本記事では上記の2つに追加して3つのタイプに分類し解説をさせていただきます(図1)。

①中心狭窄(central canal):脊柱管中央部で発生(図1-a)。
②外側狭窄(lateral recess):椎間関節の下の領域での狭窄(図1-b)。
③神経孔狭窄(neural foramen):椎間孔の狭窄(図1-c)。

①は中心狭窄です(図1-a)脊柱管中央部で発生する狭窄症です。

脊髄(頸椎や胸椎部での狭窄症の場合)または馬尾神経(腰椎での狭窄症の場合)が狭窄されます。

すべり症が元で発生するケースが多いのが特徴です。
腰椎が前方に滑ることによって馬尾神経が圧迫されます(すべり症については前回の記事もご参照ください)。

②の外側狭窄と③の神経孔狭窄はともに外側の神経根が問題となるタイプですが、狭窄される部位が原因が異なるために、別のタイプとして分類されています。
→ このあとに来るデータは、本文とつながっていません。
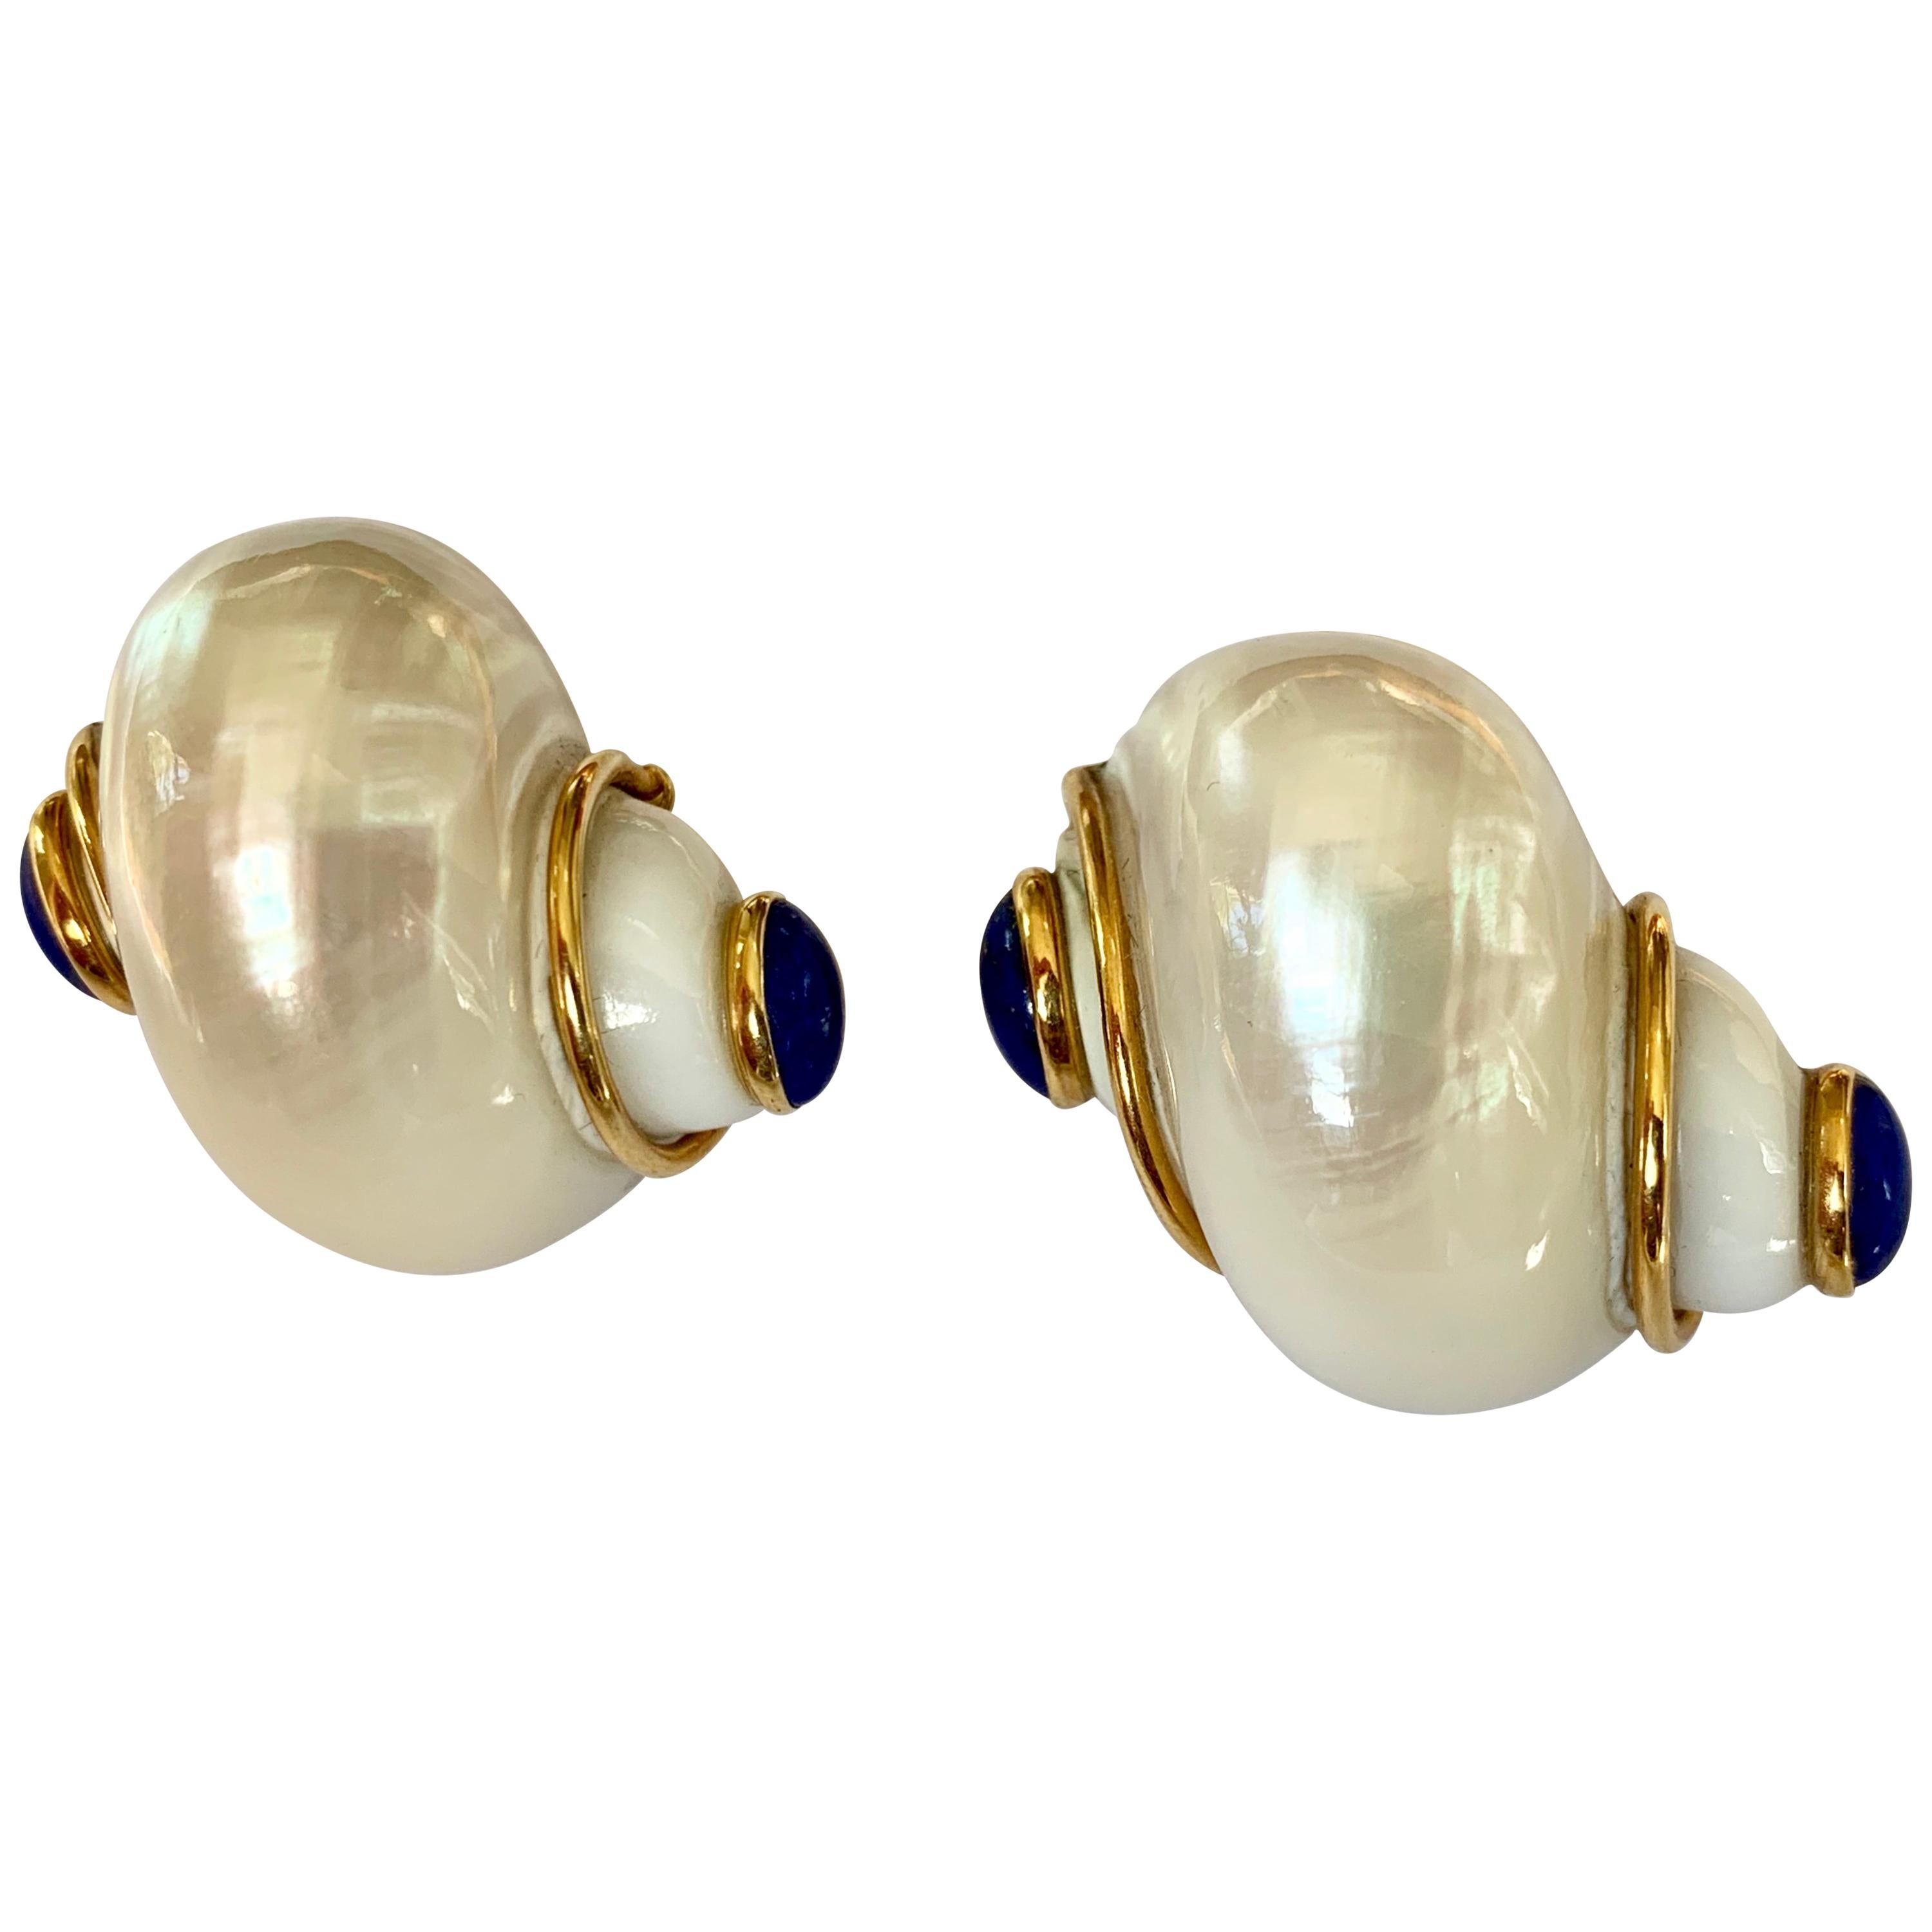 Seaman Schepps Turbo Shell and Lapis Lazuli Gold Earrings

②外側狭窄とは椎間関節の下の領域で発生する狭窄症で神経根を圧迫します(図1-b)。
関節の部分であるため脊椎症がもとで発生するケースが多いのが特徴です(脊椎症については前回の記事をご参照ください)。

③神経孔狭窄とは椎間孔の領域での狭窄で神経根を圧迫します(図1-c)。
椎間関節の位置がずれることで発生します。

本記事では脊柱管狭窄症と診断された患者さんやクライエント様がいらっしゃった際に、まずは症状を元にして3つのタイプのうち、どのタイプであるのかを御確認いただく時のご参考になりましたら幸いです。

狭窄の部位が異なることで、アプローチの方法や生活指導のポイントも変わってきますので、脊柱管狭窄症と診断のあった際には3つのタイプにより症状にもバリエーションがあると認識した上で介入していただけたらと思います。